Oil analysis predict that if the price of oil fails by half, the consumer's purchase price for gasoline made from this oil will also fall by half.
Which one of the following, If true, would cast the most serious doubt on the prediction made by the oil analysts?
OPTIONS[A]. Improved automobile technology and new kinds of fuel for cars have enabled some drivers to use less gasoline.
[B]. Gasoline manufacturers will not expand their profit margins.
[C]. There are many different gasoline companies that compete with each other to provide the most attractive price to consumers.
[D]. Studies in several countries show that the amount of gasoline purchased by consumers initially rises after the price of gasoline has fallen.
[E]. Refining costs, distribution costs, and taxes, none of which varies significantly with oil prices. constitute a large portion of the prices of gasoline.
Explanation:
According to the analysts, if oil prices drop by half, then the purchase price of gasoline made from the oil should drop by half too; that’s all there is to it. We’re asked to weaken this simplistic argument, and choice (E) does the job by providing an alternative account of the factors involved in gasoline prices. Choice (E) illuminates many other factors that, taken together, have a significant influence on the price of gasoline. Because these factors are not tied to oil prices, these costs won’t decrease simply because oil prices do. Therefore, because gasoline prices are largely based on the independent costs mentioned in answer choice (E), we shouldn’t expect gasoline prices to drop by half just because oil prices drop by half.

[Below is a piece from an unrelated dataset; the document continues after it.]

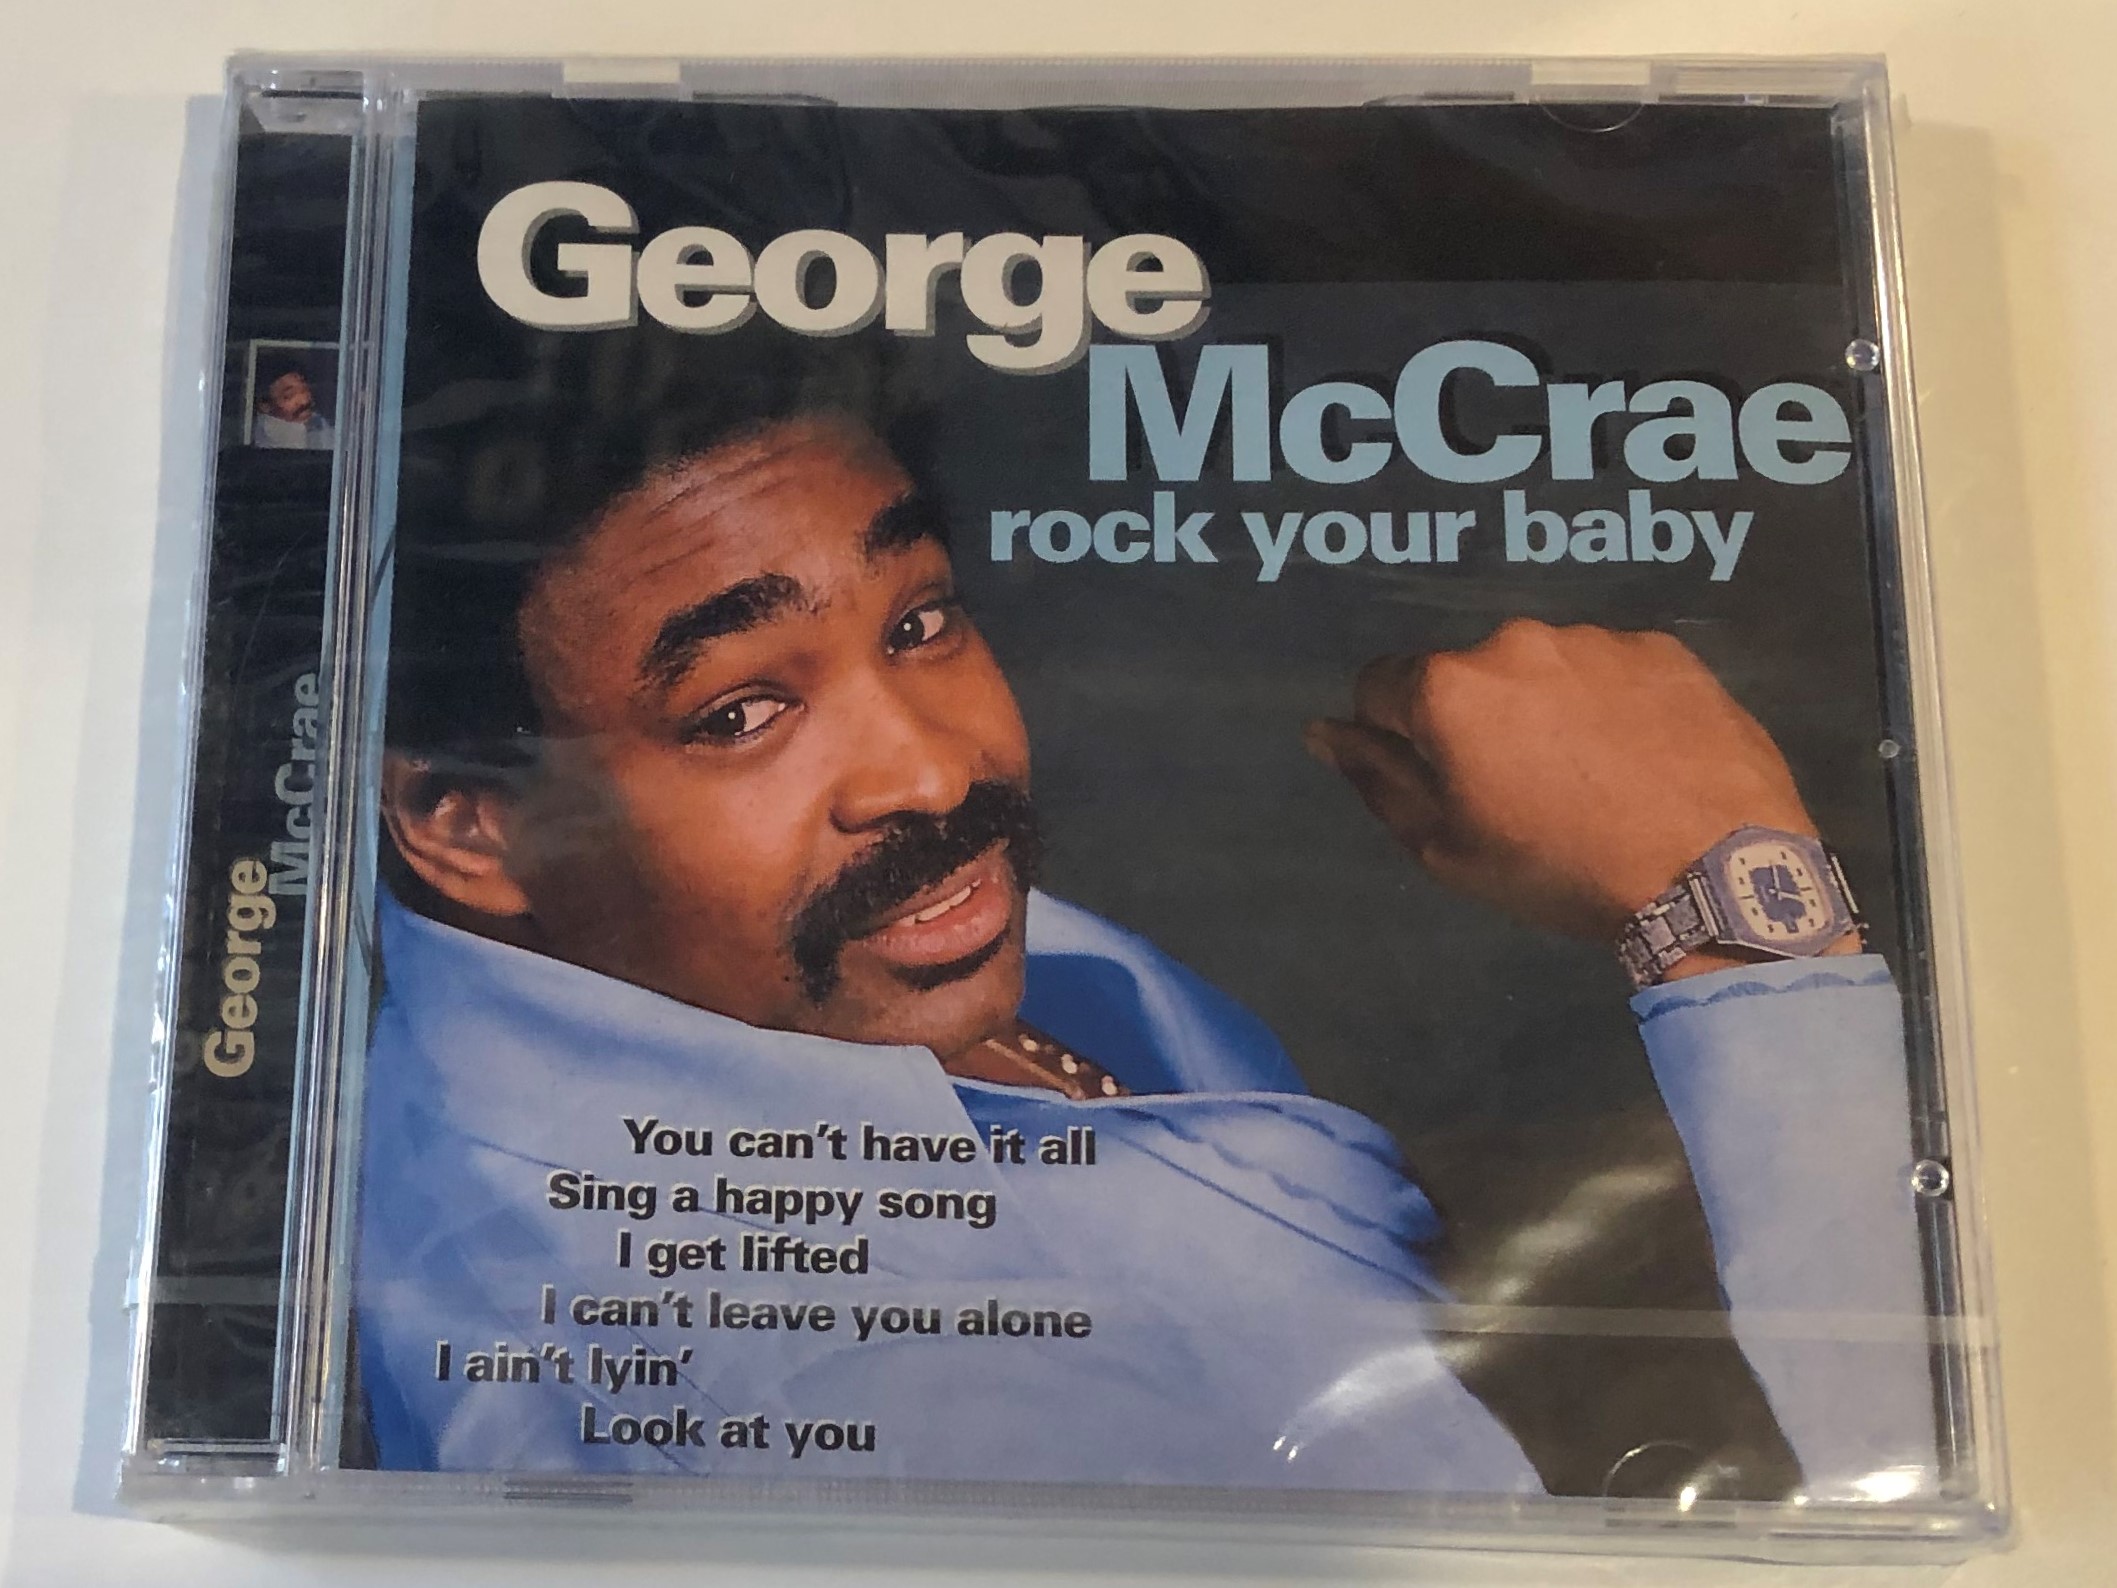 george-mccrae-rock-your-baby-you-can-have-it-all-sing-a-happy-song-i-get-lifted-i-can-t-leave-you-alone-i-ain-t-lyin-look-at-you-disky-audio-cd-1997-dc-882762-1-.jpg

(A) has no bearing on the question, which concerns the actual cost of gasoline, not the amount of gasoline consumers purchase. Also, (A) is limited to only some drivers, which severely limits its impact on the argument.
(B) If anything, answer choice (B) strengthens the analysts’ argument by showing that gas manufacturers won’t try to increase profits by deliberately keeping the cost of gas artificially high.
(C) is awfully vague; we’re not told anything about the effect of competition on oil prices, or about how analysts worked this factor into their analysis. If anything, fierce competition suggests that prices will be kept as low as possible, which wouldn’t hurt the argument at all. Of course, since none of this is contained in the argument, this is all conjecture on our part, which means we must reject (C) immediately as irrelevant.
(D) The event (D) describes —increased consumption—happens after the price has already dropped. The relevant issue, however, is how much prices will drop; what happens afterwards is beside the point.